We will create our first real backup by using the following general syntax:

duplicity --encrypt-key key_from_GPG --exclude files_to_exclude --include files_to_include path_to_back_up sftp://root@backupHost//remotebackup/duplicityDroplet

We will back up our entire root directory, with the exception of /proc/sys, and /tmp. We will use the GPG key we created. We do this by specifying the ID within the command, and preceding the command with the passphrase:

PASSPHRASE="passphrase_for_GPG" duplicity --encrypt-key 05AB3DF5 --exclude /proc --exclude /sys --exclude /tmp / sftp://root@backupHost//remotebackup/duplicityDroplet

The command above will take some time. Because this is the first time we've run the backup, duplicity will create a full back up. Duplicity divides the chunks of data into volumes to simplify the file transfers.

--------------[ Backup Statistics ]--------------
StartTime 1379621305.09 (Thu Sep 19 20:08:25 2013)
EndTime 1379621490.47 (Thu Sep 19 20:11:30 2013)
ElapsedTime 185.38 (3 minutes 5.38 seconds)
SourceFiles 33123
SourceFileSize 813465245 (776 MB)
NewFiles 33123
NewFileSize 813464221 (776 MB)
DeletedFiles 0
ChangedFiles 0
ChangedFileSize 0 (0 bytes)
ChangedDeltaSize 0 (0 bytes)
DeltaEntries 33123
RawDeltaSize 802133584 (765 MB)
TotalDestinationSizeChange 369163424 (352 MB)
Errors 0
-------------------------------------------------

On a fresh droplet, my configuration created 15 volumes which were transfered to the remote system.

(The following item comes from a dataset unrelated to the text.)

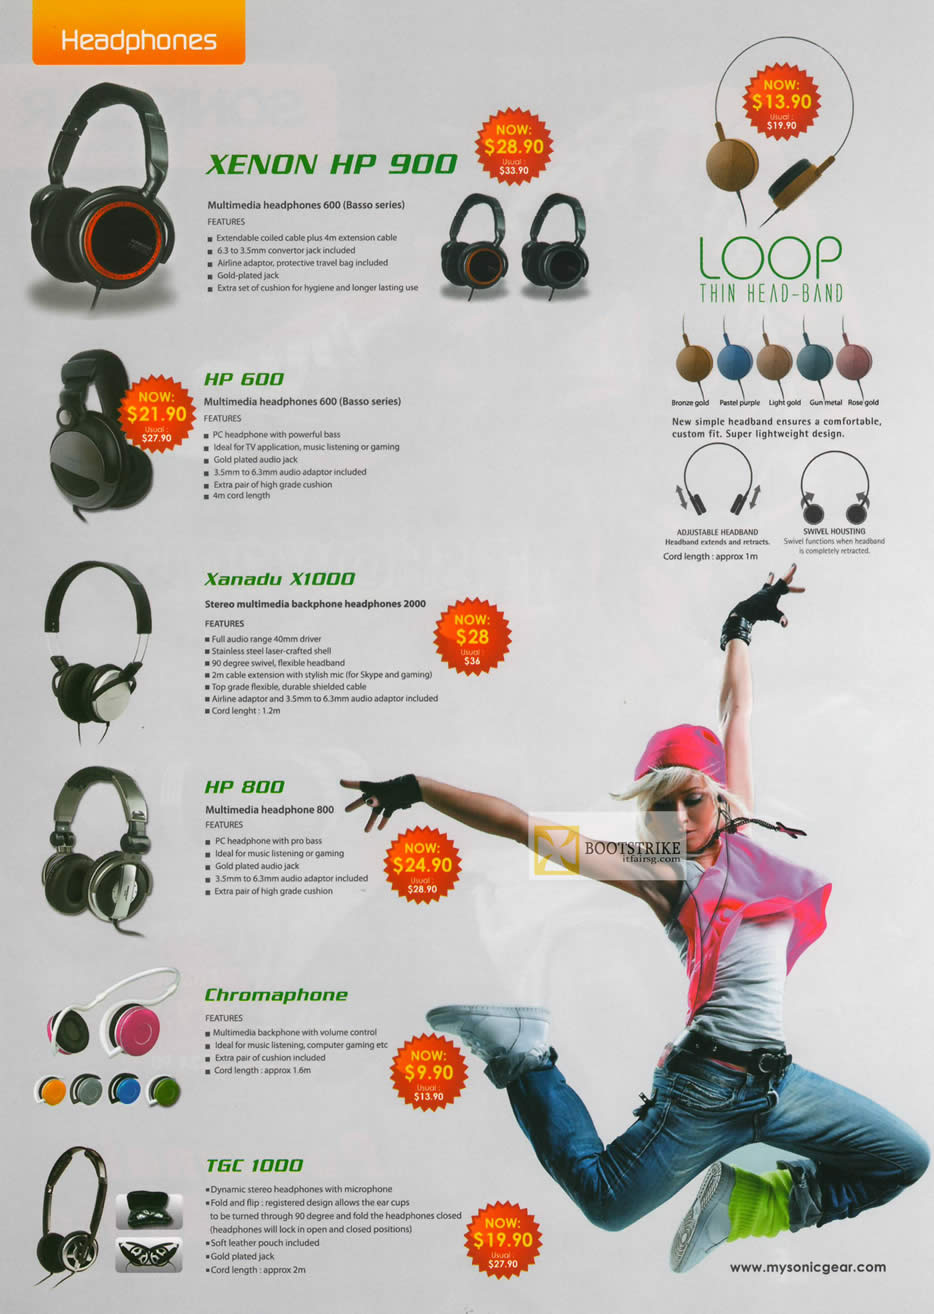 IT SHOW 2012 price list image brochure of Leap Frog Sonicgear Headphones Xenon HP 900, HP 600, Xanadu X1000, Chromaphone, TGC 1000

Because we now have a full backup on the remote system, our next backup will automatically be an incremental backup. These are faster and require less data transfer. My first run took over three minutes, while my incremental backup took less than eight seconds.

--------------[ Backup Statistics ]--------------
StartTime 1379621776.23 (Thu Sep 19 20:16:16 2013)
EndTime 1379621783.80 (Thu Sep 19 20:16:23 2013)
ElapsedTime 7.57 (7.57 seconds)
SourceFiles 33128
SourceFileSize 820560987 (783 MB)
NewFiles 11
NewFileSize 12217723 (11.7 MB)
DeletedFiles 3
ChangedFiles 1
ChangedFileSize 600 (600 bytes)
ChangedDeltaSize 0 (0 bytes)
DeltaEntries 15
RawDeltaSize 12197851 (11.6 MB)
TotalDestinationSizeChange 12201207 (11.6 MB)
Errors 0
-------------------------------------------------

To force another full backup, you can add the "full" command to the duplicity call prior to any options:

PASSPHRASE="passphrase_for_GPG" duplicity full --encrypt-key 05AB3DF5 --exclude /proc --exclude /sys --exclude /tmp / sftp://root@backupHost//remotebackup/duplicityDroplet

Restore a Backup

Duplicity makes restoring easy. You can restore by simply reversing the remote and local parameters.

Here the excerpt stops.